If someone is inviting you out on a date and says, “I’ll pick you up at 8:30 in my automobile,” your first thought is going to be “AUTOMOBILE??? Why did he say ‘automobile’? Why didn’t he just say ‘car’? What’s the big deal about his car? Ferrari, maybe? Why didn’t he just say ‘Ferrari’?”

You begin to suspect that this guy’s got a screw loose. Maybe you shouldn’t go out with this nutjob after all.

We should treat institutions the same way whenever they try to foist bureaucratese on us. If your university crows that it wants to teach you to “demonstrate oral communication skills,” back away slowly; wave your arms over your head to let them know you’re there, and, whatever you do, DON’T RUN!

You can tell bureaucratic bologna by its distance from anything like idiomatic speech. Where idioms create wordless connections between writer and reader or speaker and listener, bureaucratese says just the opposite. It says, we’re not like you. We’re not normal. We don’t put our pants on one leg at a time. And indeed they don’t. It’s not the voice of human beings. It’s the voice of beings who have given up being human and let themselves become part of the bureaucracy by sacrificing the kind of vivid and vigorous language spoken by beings of flesh-and-blood.

The wonderful thing about idioms is that they let us say so much more than the words themselves appear to say. The problem with bureaucratese is that it makes us say so much less.

Can you imagine ever telling your mother that you’re learning to demonstrate oral communication skills? She’d slap your pompous little face. And rightly so.

American poet Ezra Pound once remarked that just as music begins to atrophy the further it moves from dance, so poetry begins to atrophy the further it moves from music. So too with writing: the further our writing moves away from how we actually talk, the more it loses that vigor and the ability to cut through the crap and say what’s what: our seemingly innate facility and endless inventiveness with language.

When we stop talking and start demonstrating oral communication skills, we’re in big trouble.

Michelle recently noted that the airlines have their own idioms—a kind of technical jargon they use to sound official: they never call a plane a plane. It’s always an aircraft. And we’re always told to watch our step “when exiting the aircraft.” We get so accustomed to this kind of babble that it doesn’t trouble us anymore, and we neglect to ask what’s wrong with simply saying “when you’re getting off the plane.” What’s troubling is how easily such jargon infects us, the occupants of the aircraft, I mean, the ones on the plane.

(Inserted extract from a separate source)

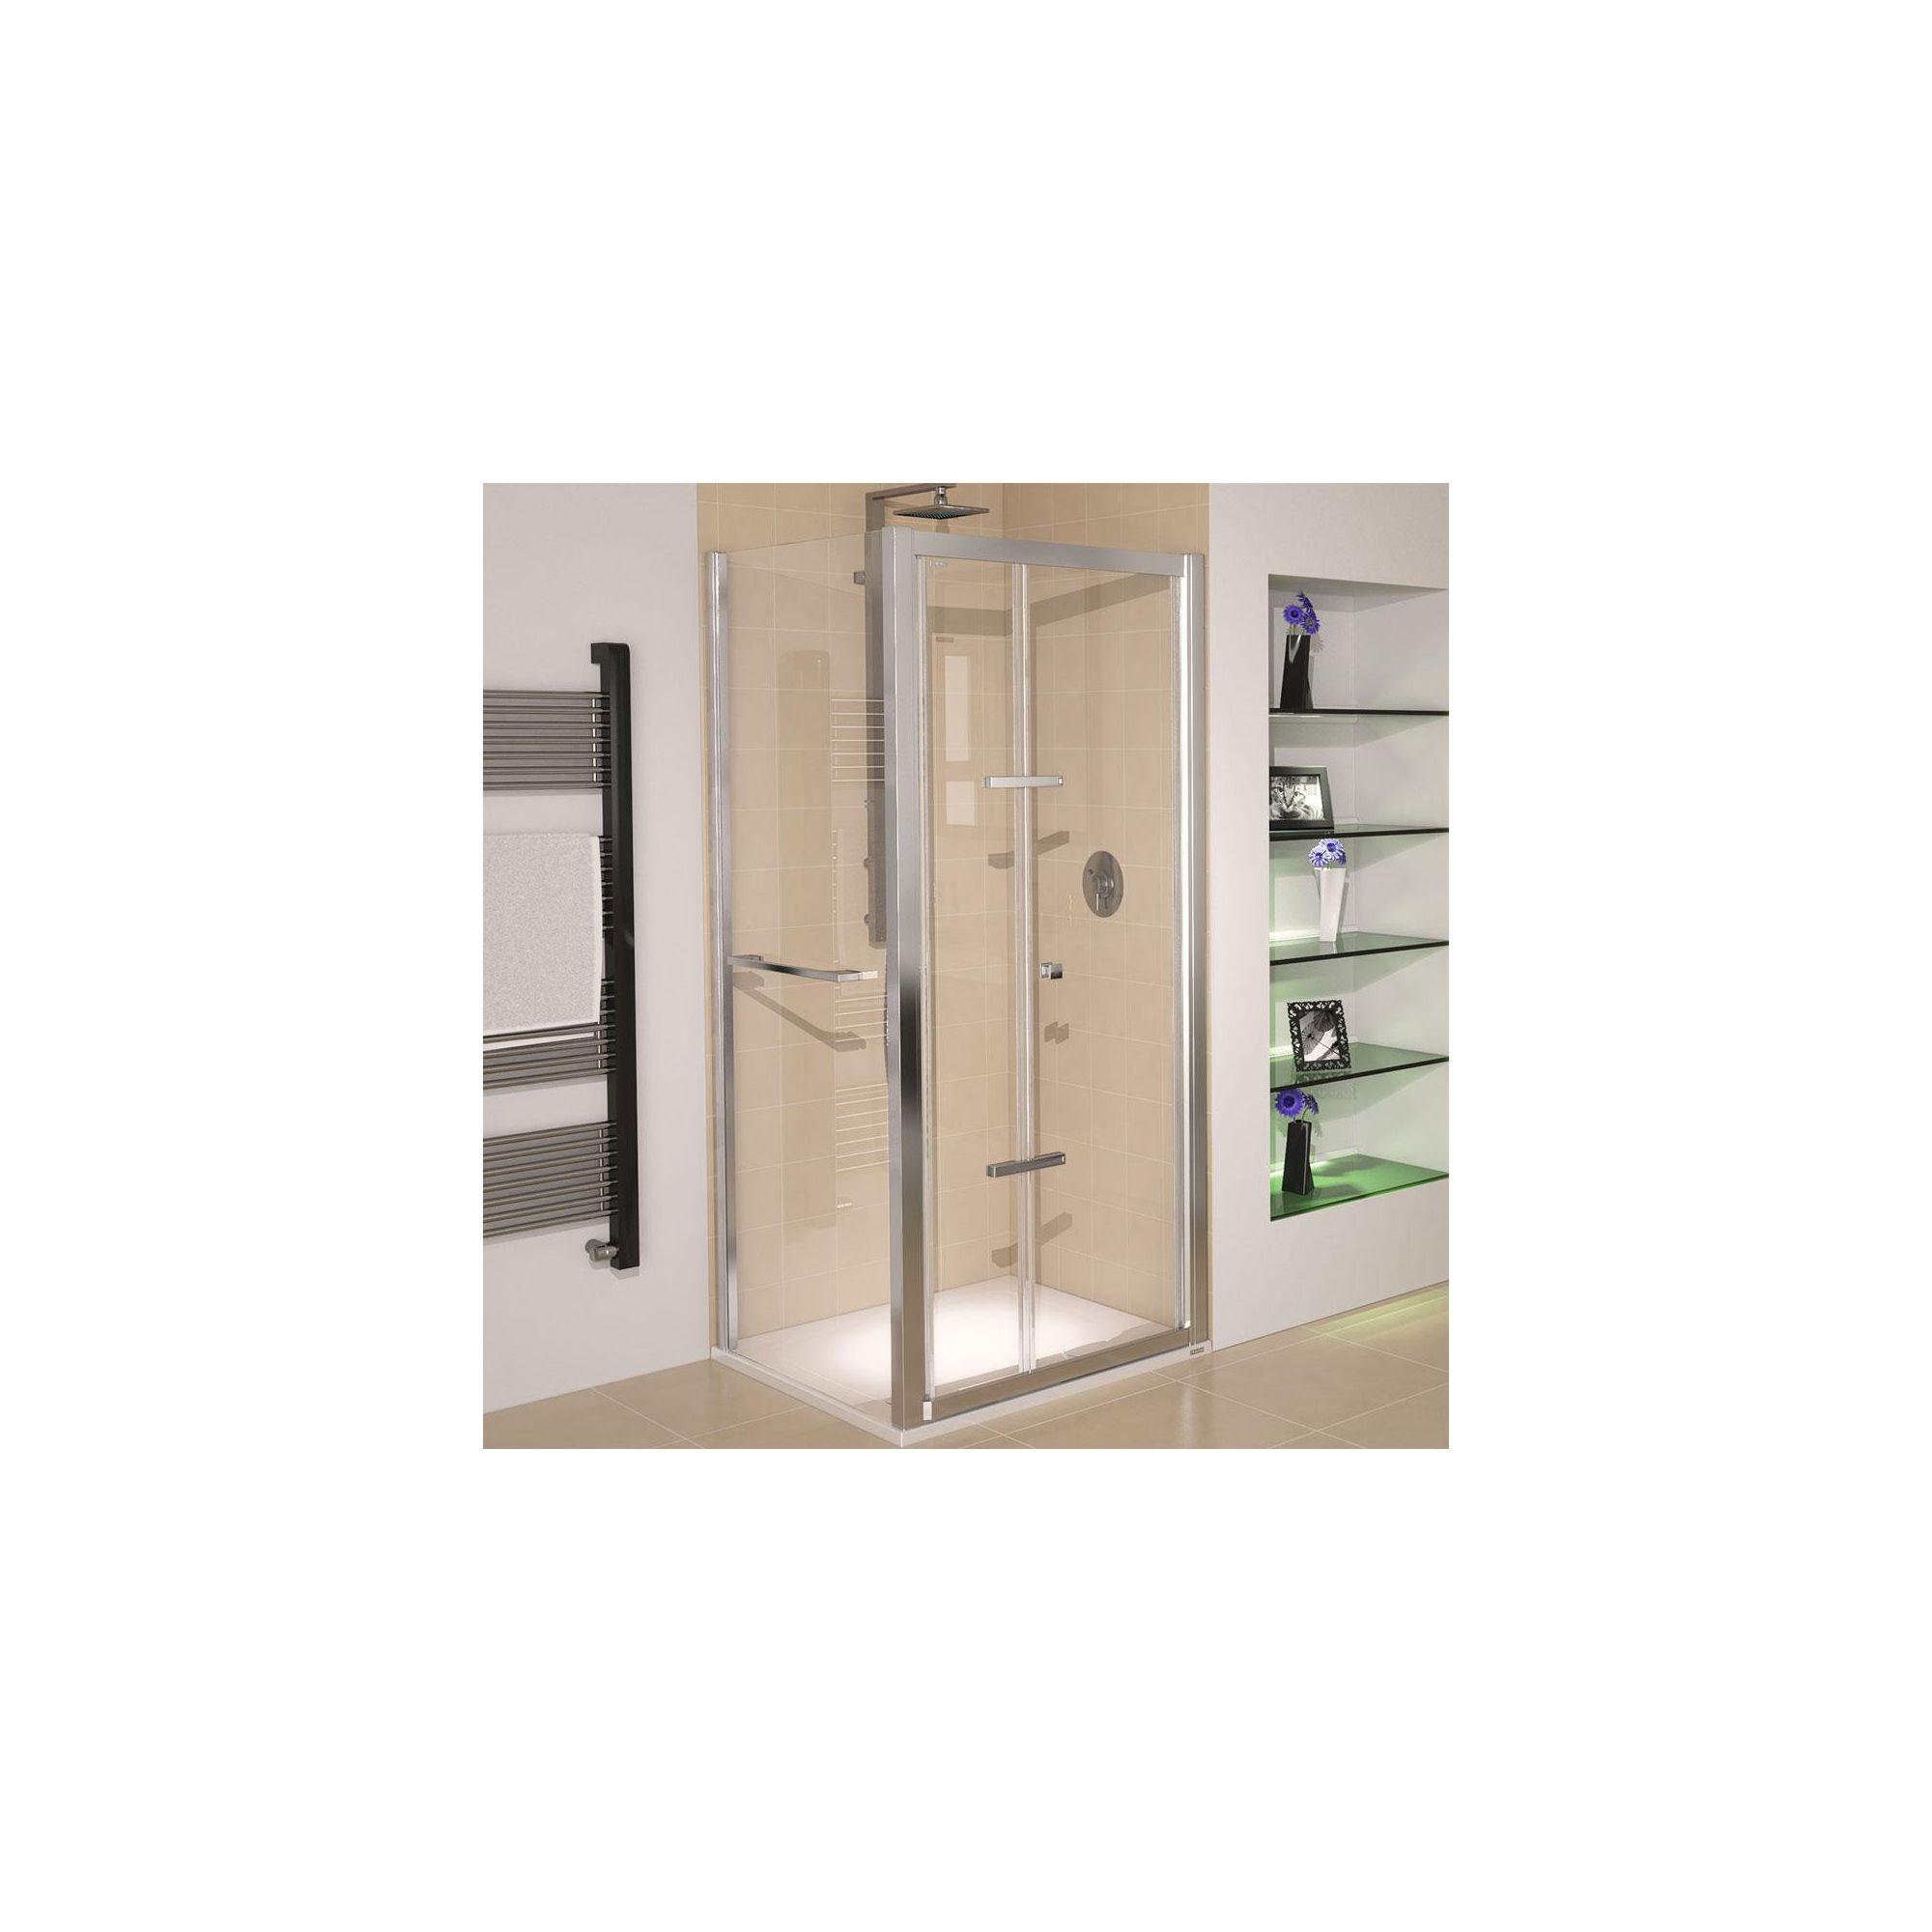 Aqualux AQUA8 Glide Bi-Fold Shower Door, 800mm Wide, Polished Silver Frame, 8mm Glass at Tesco Direct

I was recently in a little fender-bender, which is emphatically not what the insurance companies call it. Someone skidded on ice and slid into my fender. It was a pretty gentle tap, thank goodness. On the phone, the insurance agent told me where to go to make an appointment “for inspection of the vehicle.” When I let Michelle know, I found myself using the same words.

“The insurance agent told me where we can go to get the vehicle inspection,” I told her.

“What?!?” she asked.

I could hear the worry in her voice and caught myself: “. . . to get the car looked at.”

“That’s better,” she replied, with audible relief. That’s Michelle—she never gets on my back, but she’s always got it.